Task objective
Give back all of the data exactly as it stands, with the pictures removed.

Dataset section
------------------------------------------------------------------------

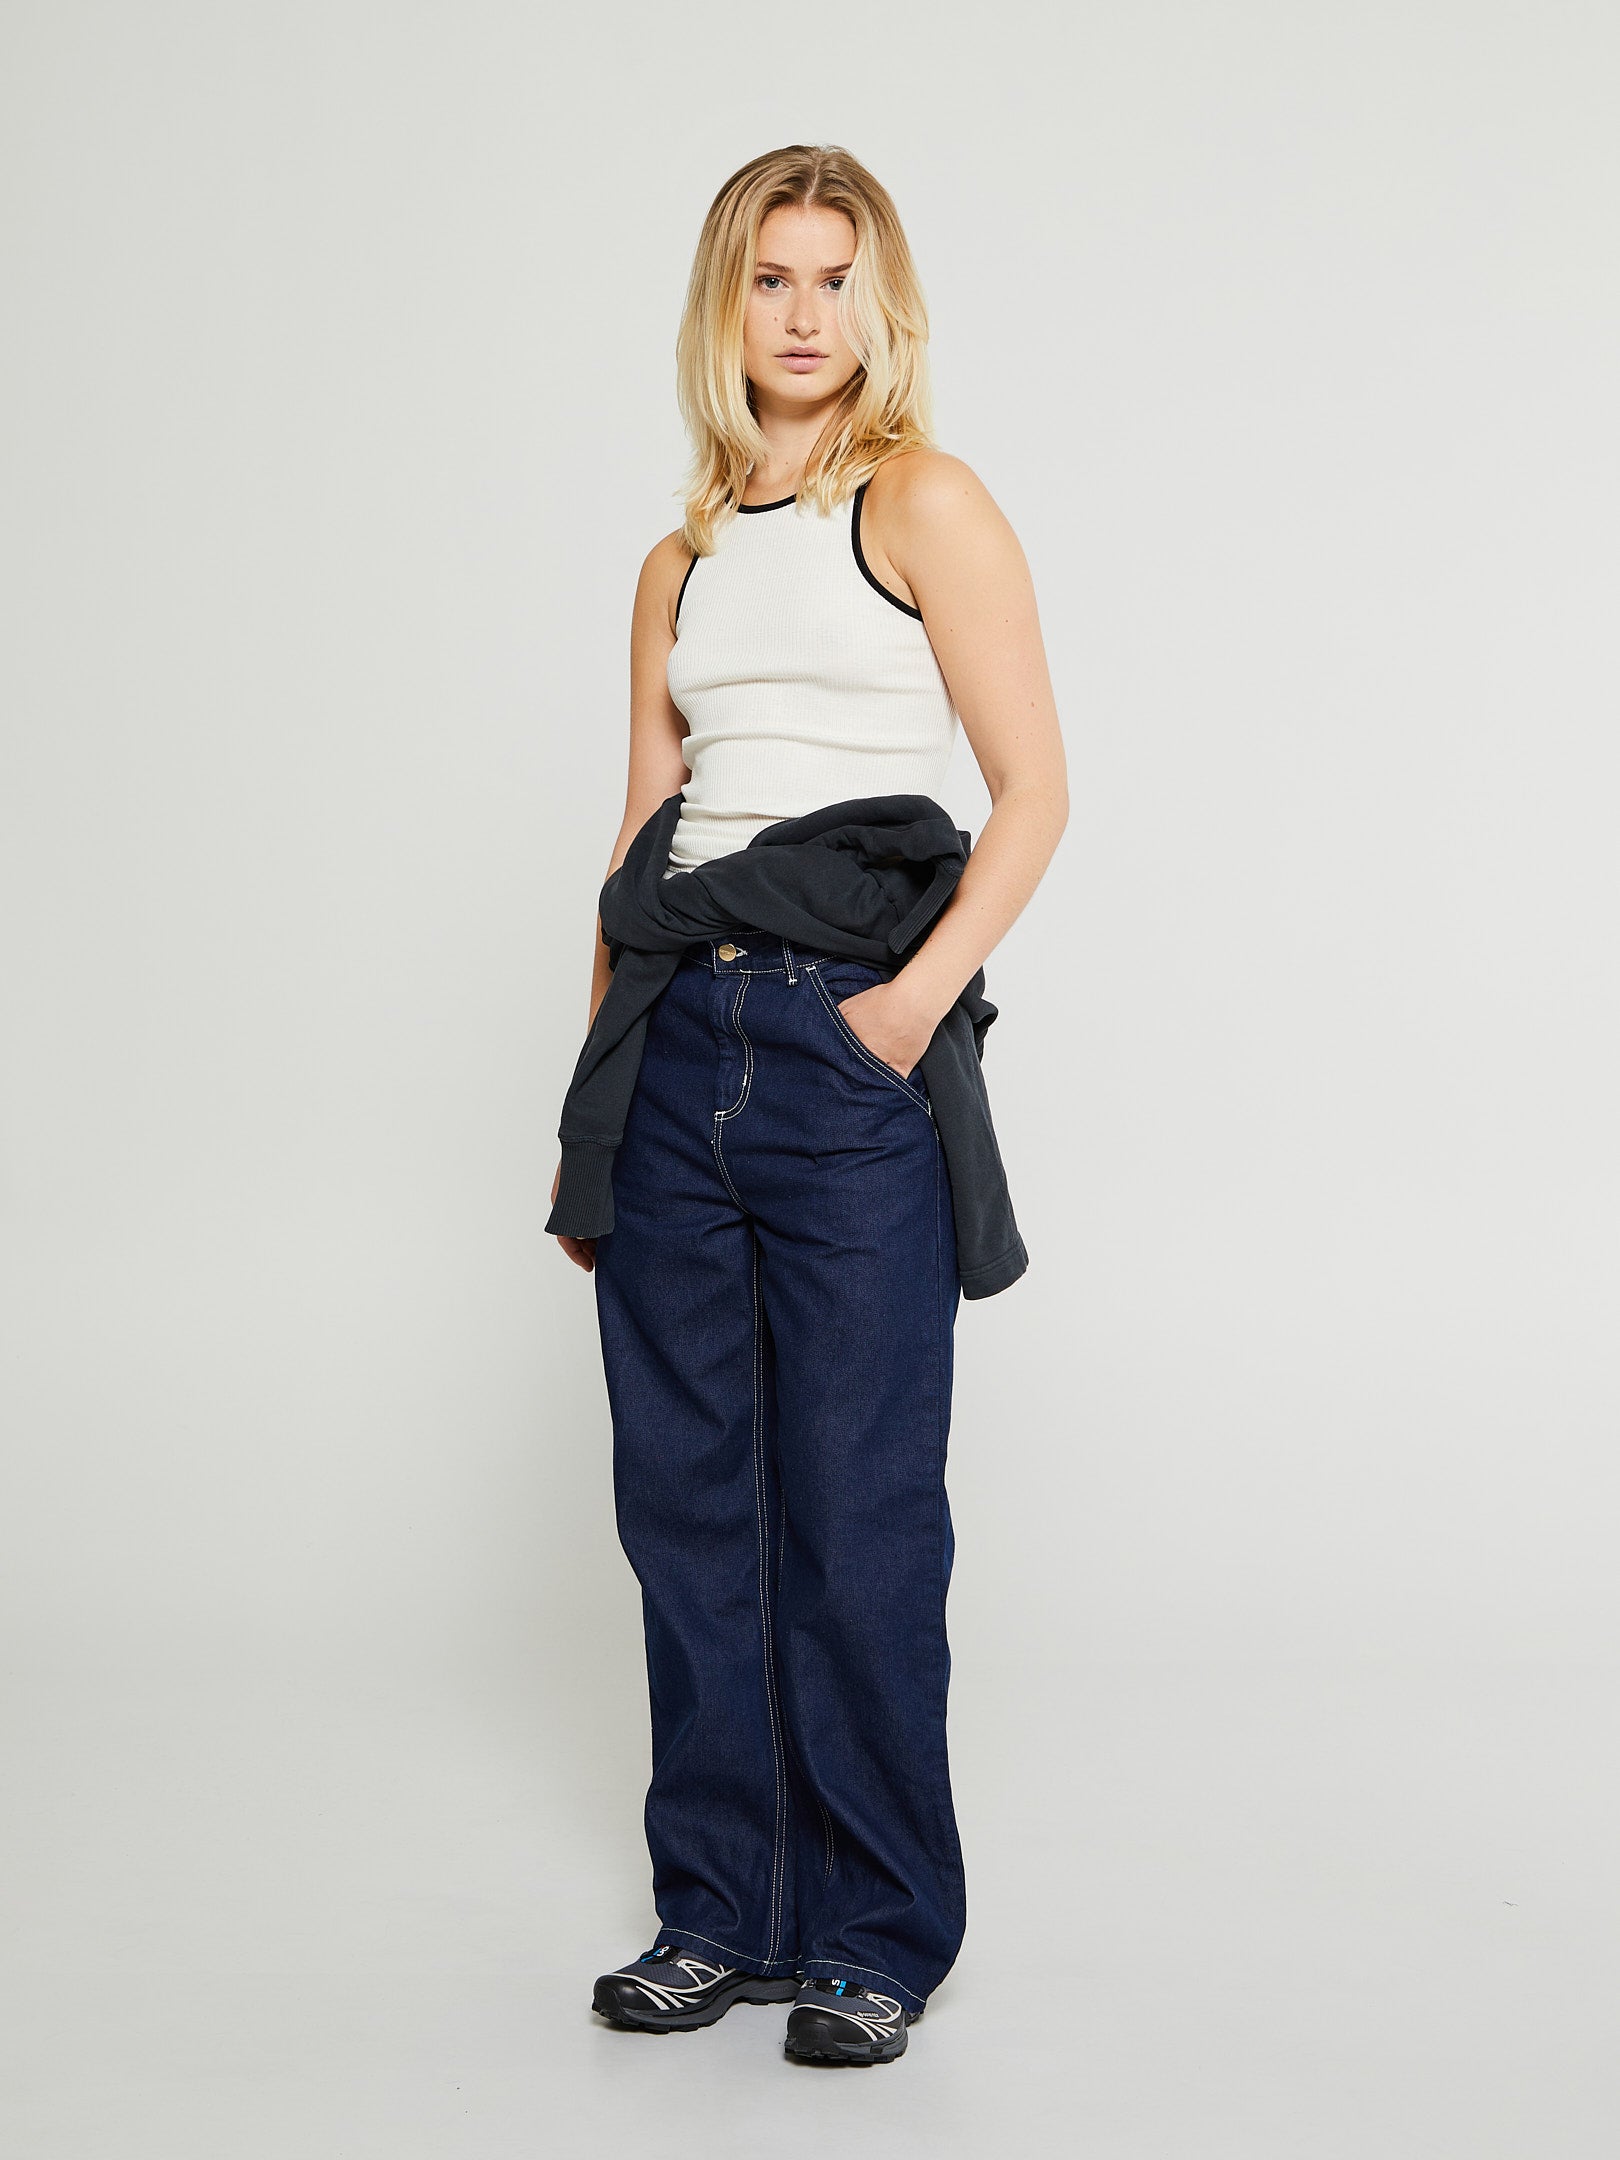 Women's Simple Pant in Blue One Wash
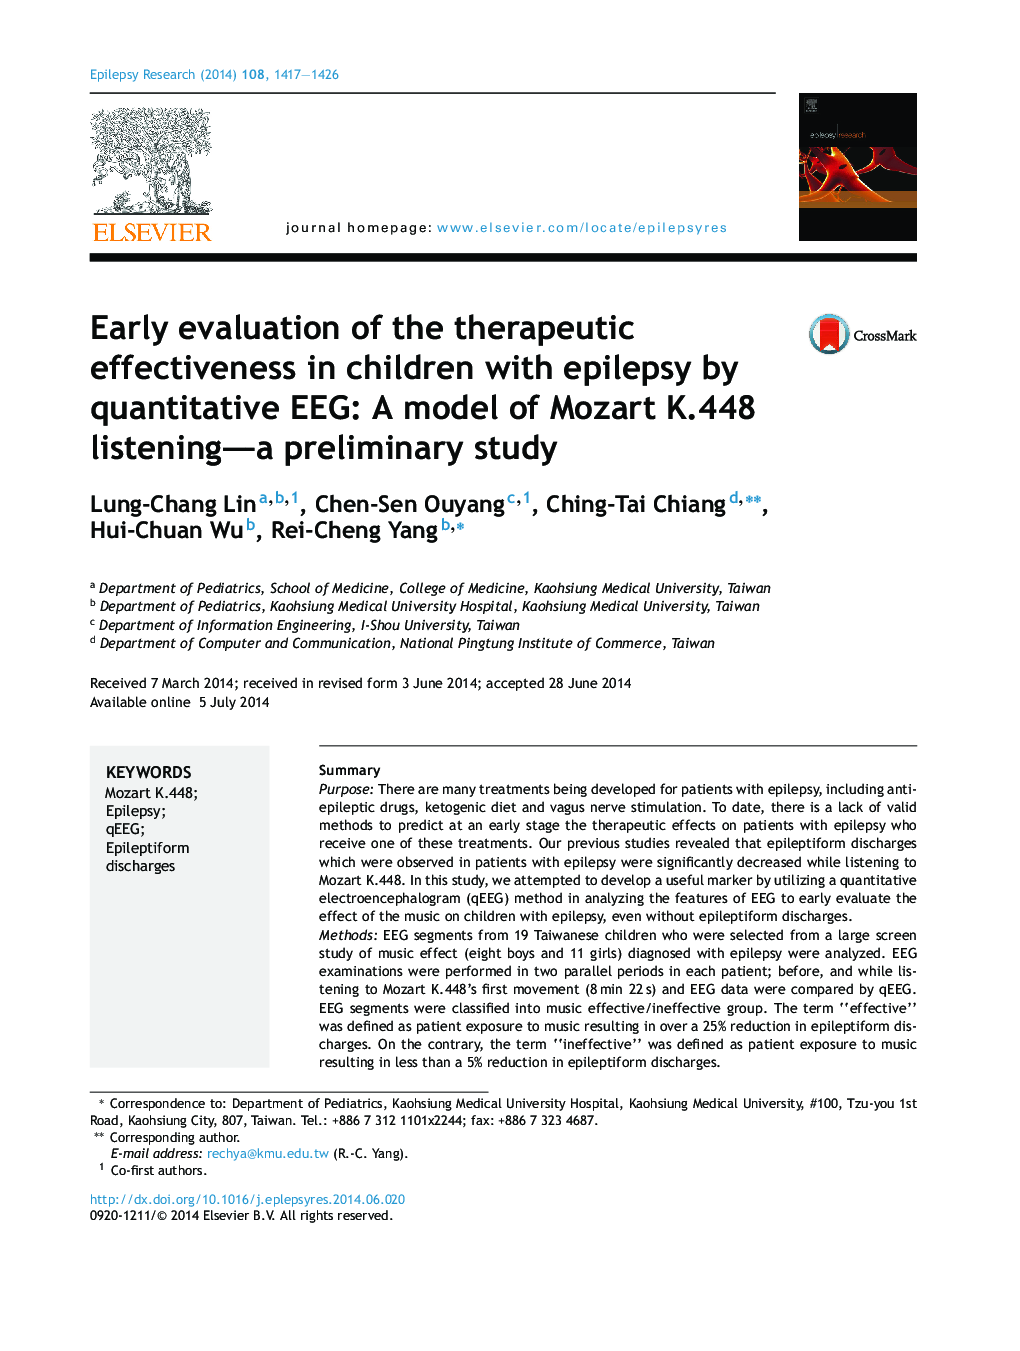 Early evaluation of the therapeutic effectiveness in children with epilepsy by quantitative EEG: A model of Mozart K.448 listening—a preliminary study
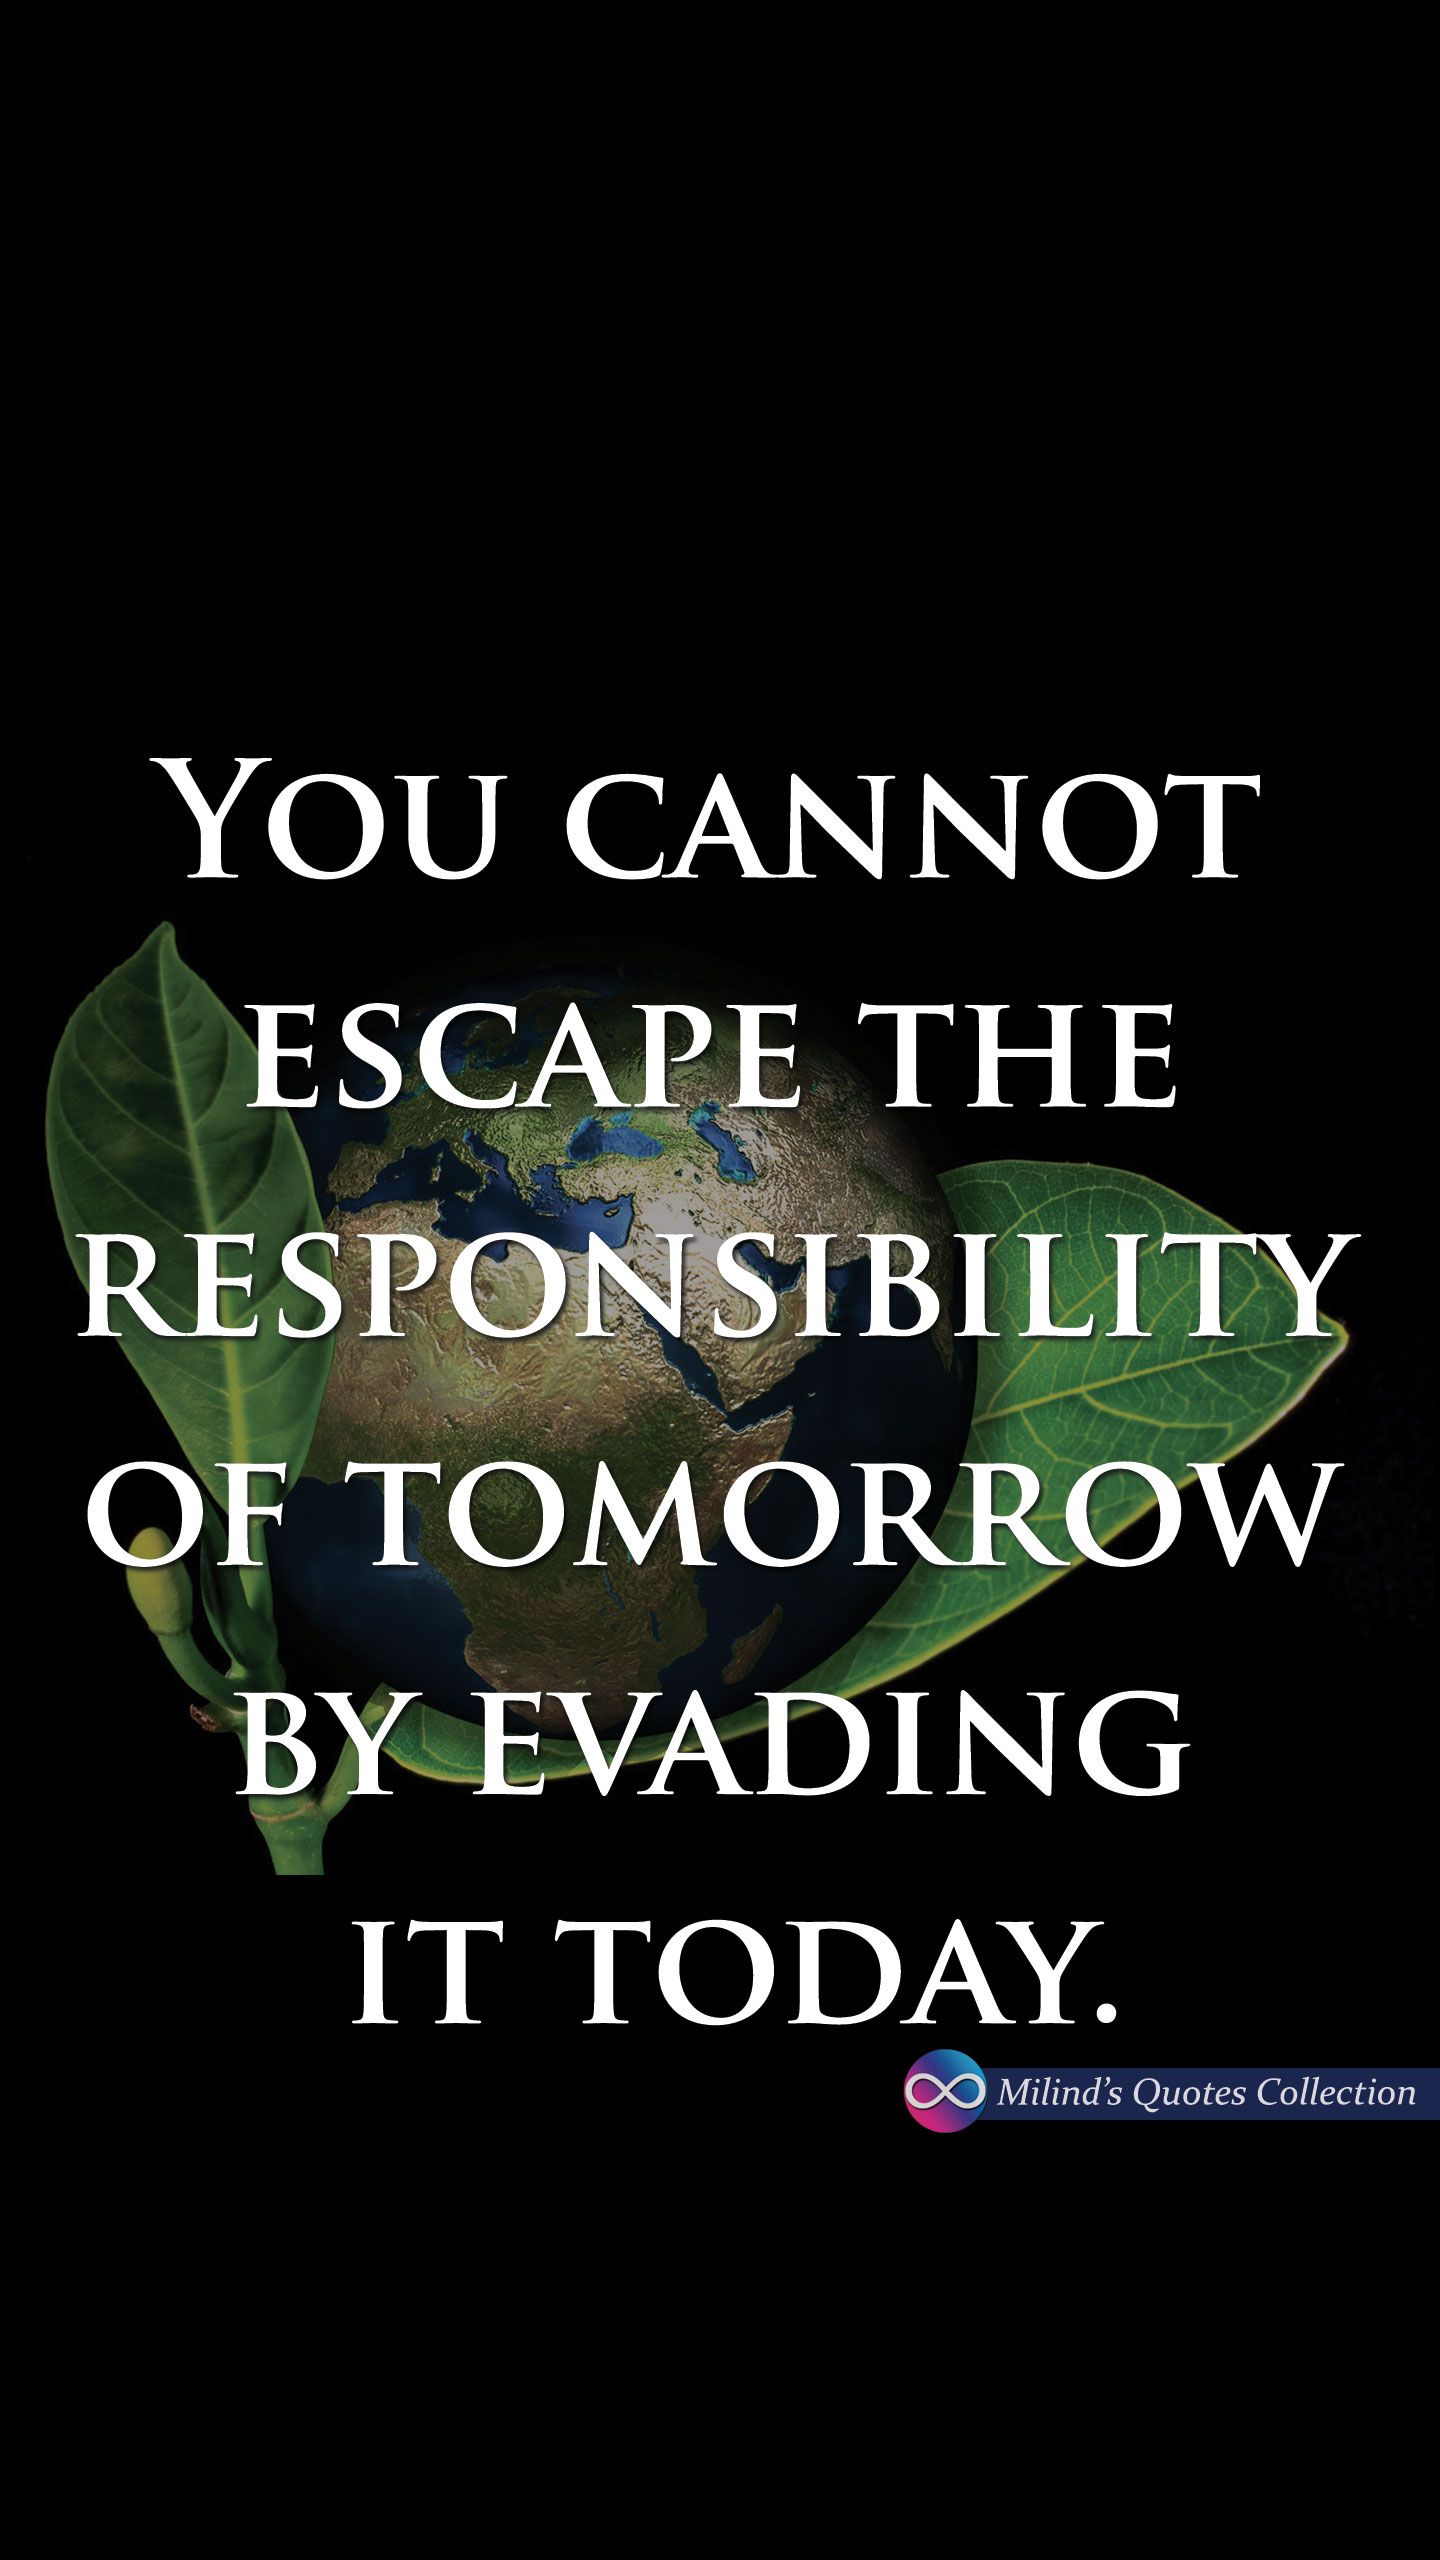 You cannot #escape the #responsibility of #tomorrow by #evading it today. #MilindsQuotesCollection #Quotes #Wallpaper #Pic. Quotes, Wallpaper quotes, No response

------------------------------------------------------------------------

Output for this exercise
 Women's Simple Pant in Blue One Wash
 Early evaluation of the therapeutic effectiveness in children with epilepsy by quantitative EEG: A model of Mozart K.448 listening—a preliminary study
 You cannot #escape the #responsibility of #tomorrow by #evading it today. #MilindsQuotesCollection #Quotes #Wallpaper #Pic. Quotes, Wallpaper quotes, No response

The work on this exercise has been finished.